- **What you have to do**
Your reply should repeat all records verbatim and contain no images.

- **Dataset records**
========================================================================

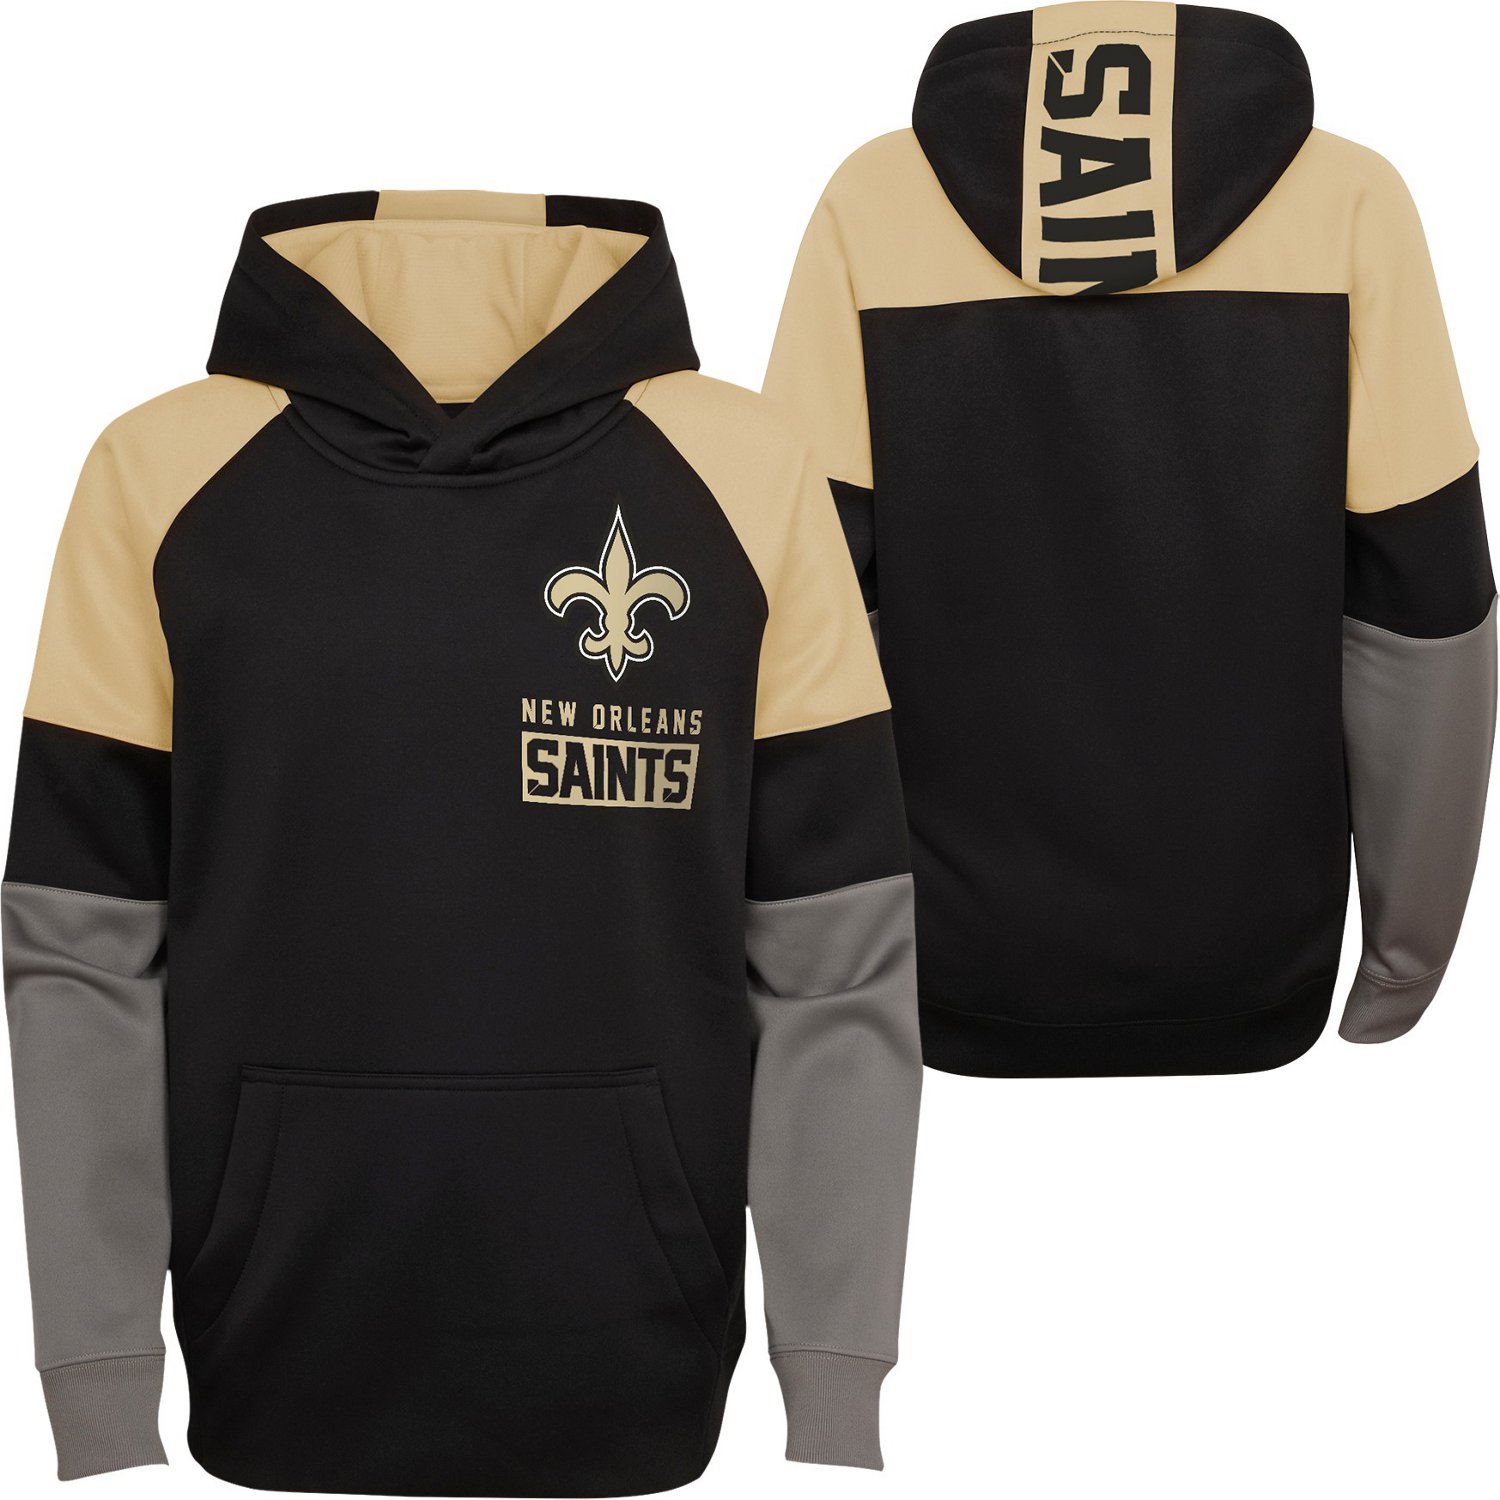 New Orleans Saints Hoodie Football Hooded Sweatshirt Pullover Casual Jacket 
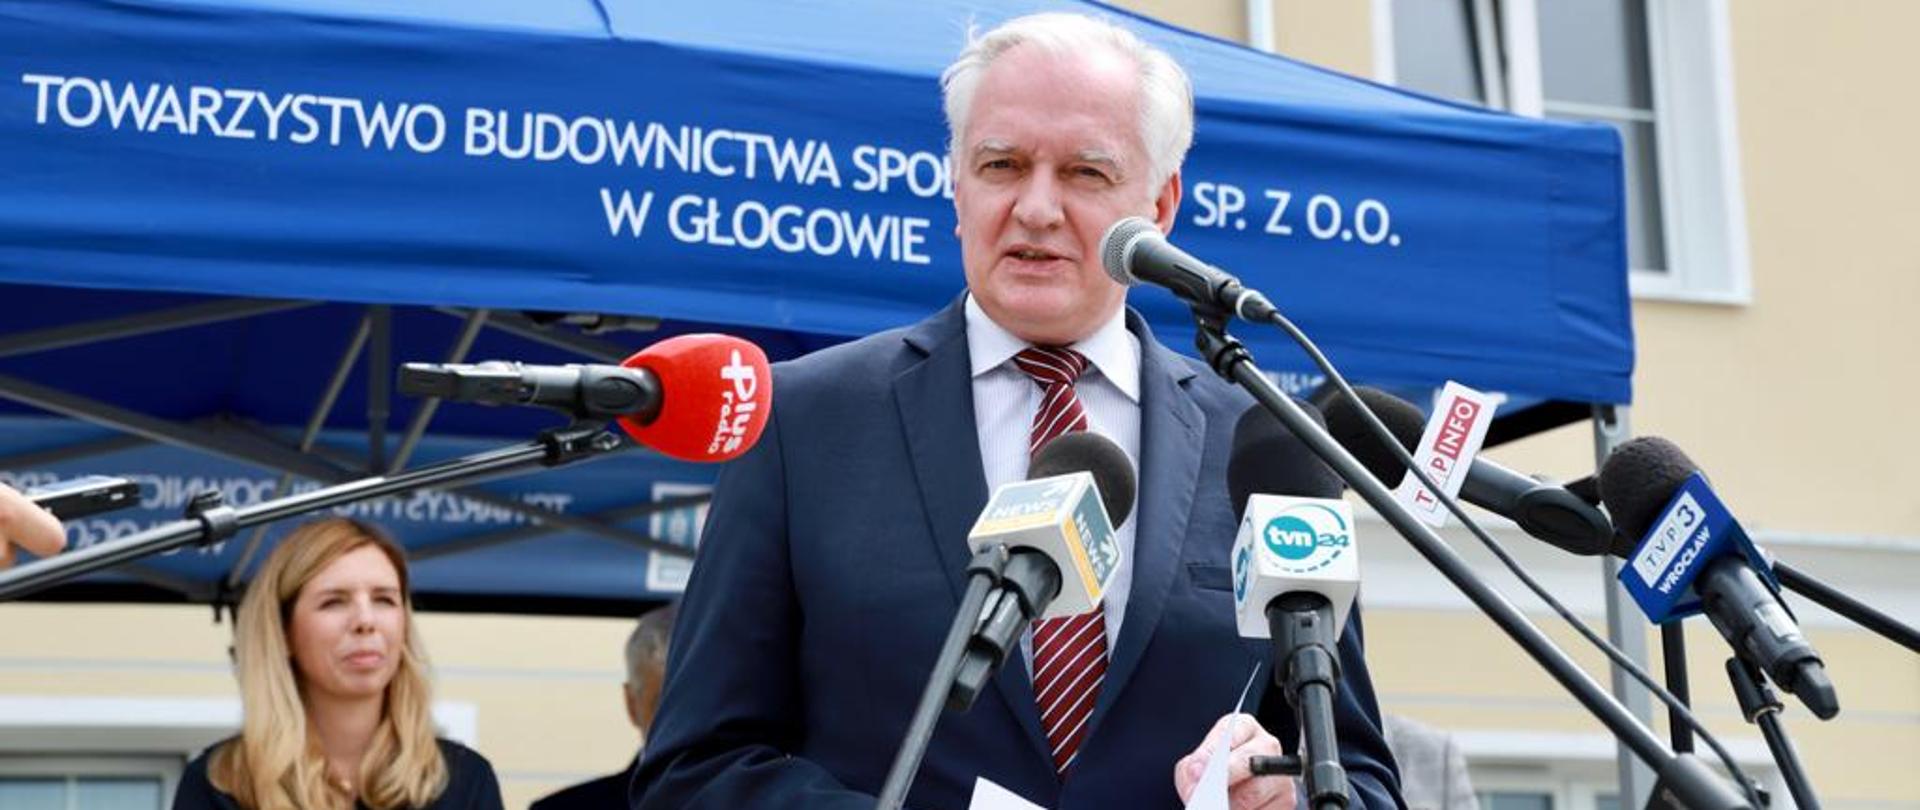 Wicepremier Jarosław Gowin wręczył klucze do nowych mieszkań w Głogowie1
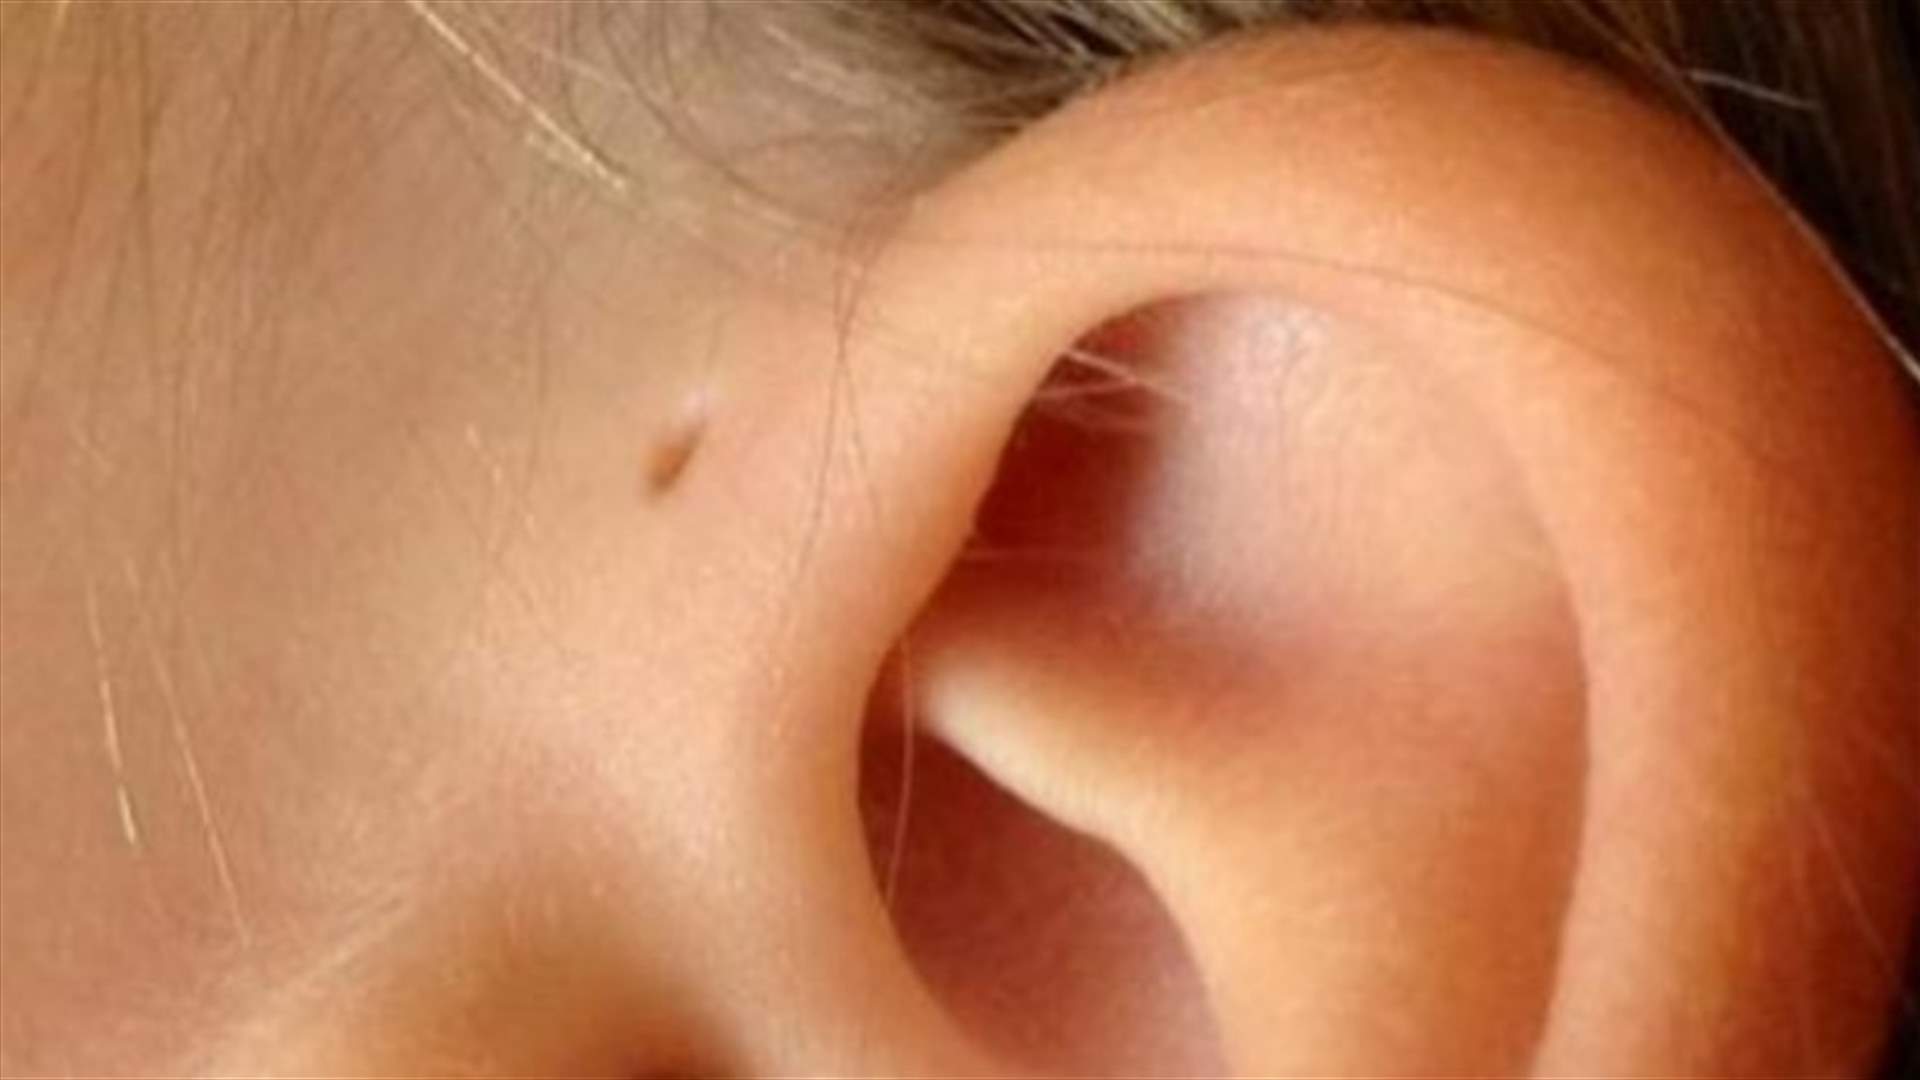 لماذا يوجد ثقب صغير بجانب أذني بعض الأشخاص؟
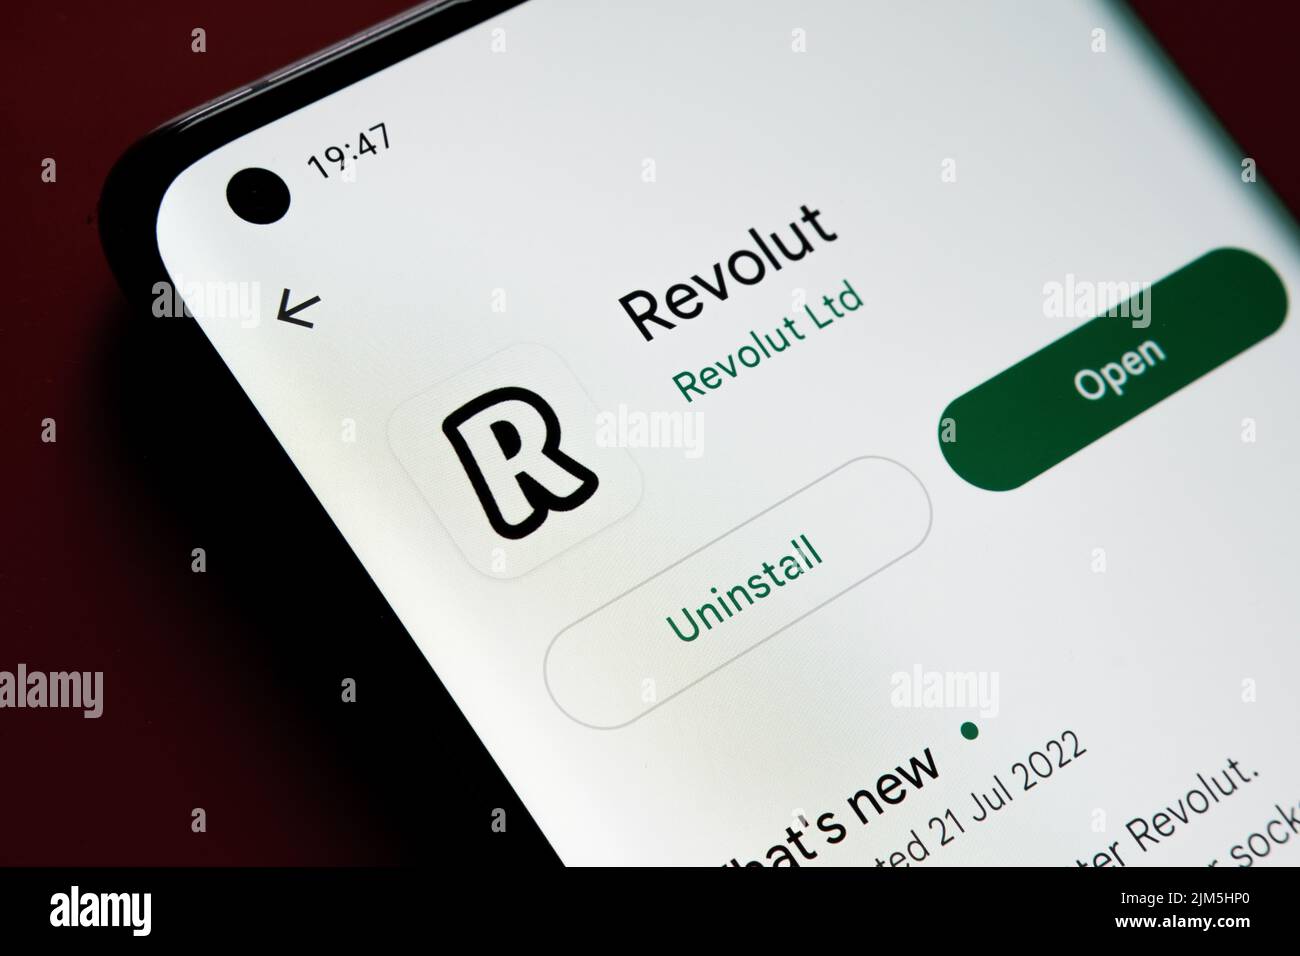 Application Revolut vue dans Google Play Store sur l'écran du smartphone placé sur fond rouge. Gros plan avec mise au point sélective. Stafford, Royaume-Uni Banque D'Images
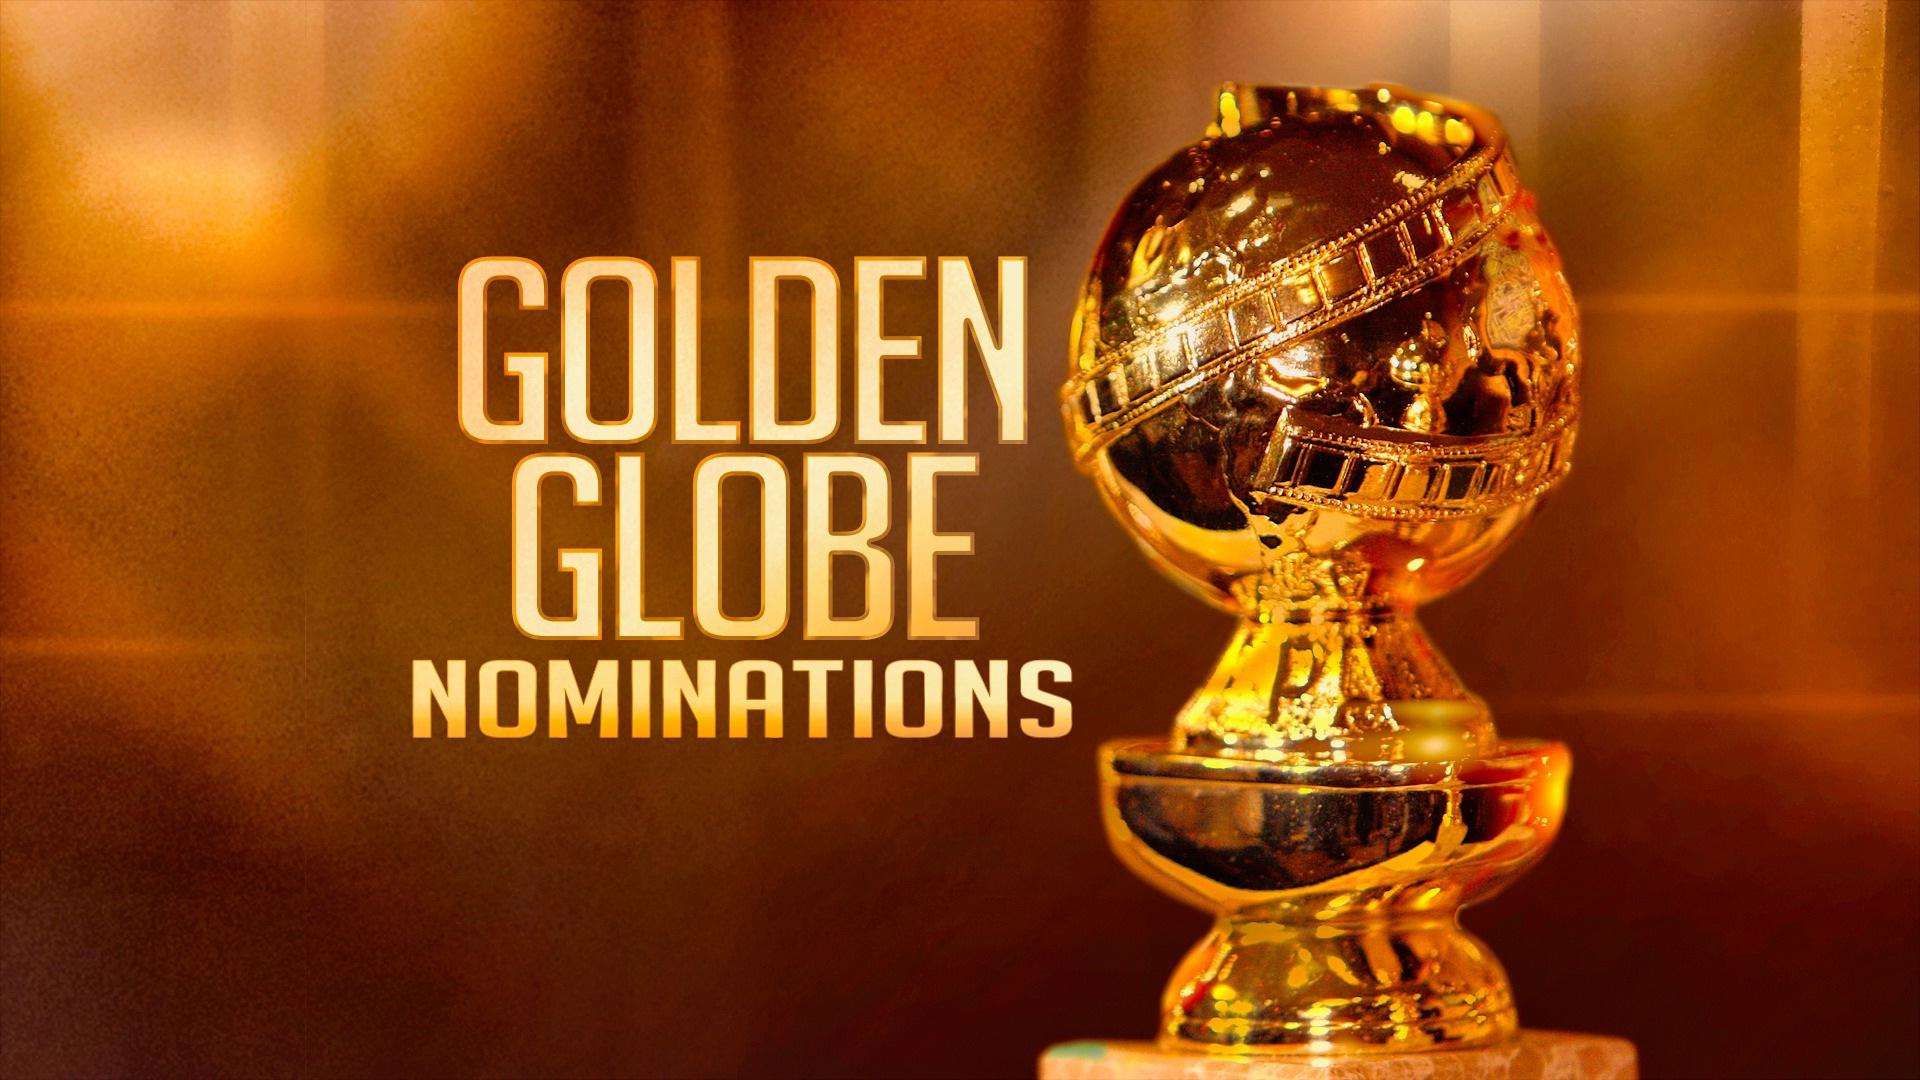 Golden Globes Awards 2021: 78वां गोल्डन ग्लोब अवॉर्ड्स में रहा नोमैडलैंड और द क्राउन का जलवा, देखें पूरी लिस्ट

========================================================================

- **Expected output**
 New Orleans Saints Hoodie Football Hooded Sweatshirt Pullover Casual Jacket 
 Wicepremier Jarosław Gowin wręczył klucze do nowych mieszkań w Głogowie1
 لماذا يوجد ثقب صغير بجانب أذني بعض الأشخاص؟
 Application Revolut vue dans Google Play Store sur l'écran du smartphone placé sur fond rouge. Gros plan avec mise au point sélective. Stafford, Royaume-Uni Banque D'Images
 Golden Globes Awards 2021: 78वां गोल्डन ग्लोब अवॉर्ड्स में रहा नोमैडलैंड और द क्राउन का जलवा, देखें पूरी लिस्ट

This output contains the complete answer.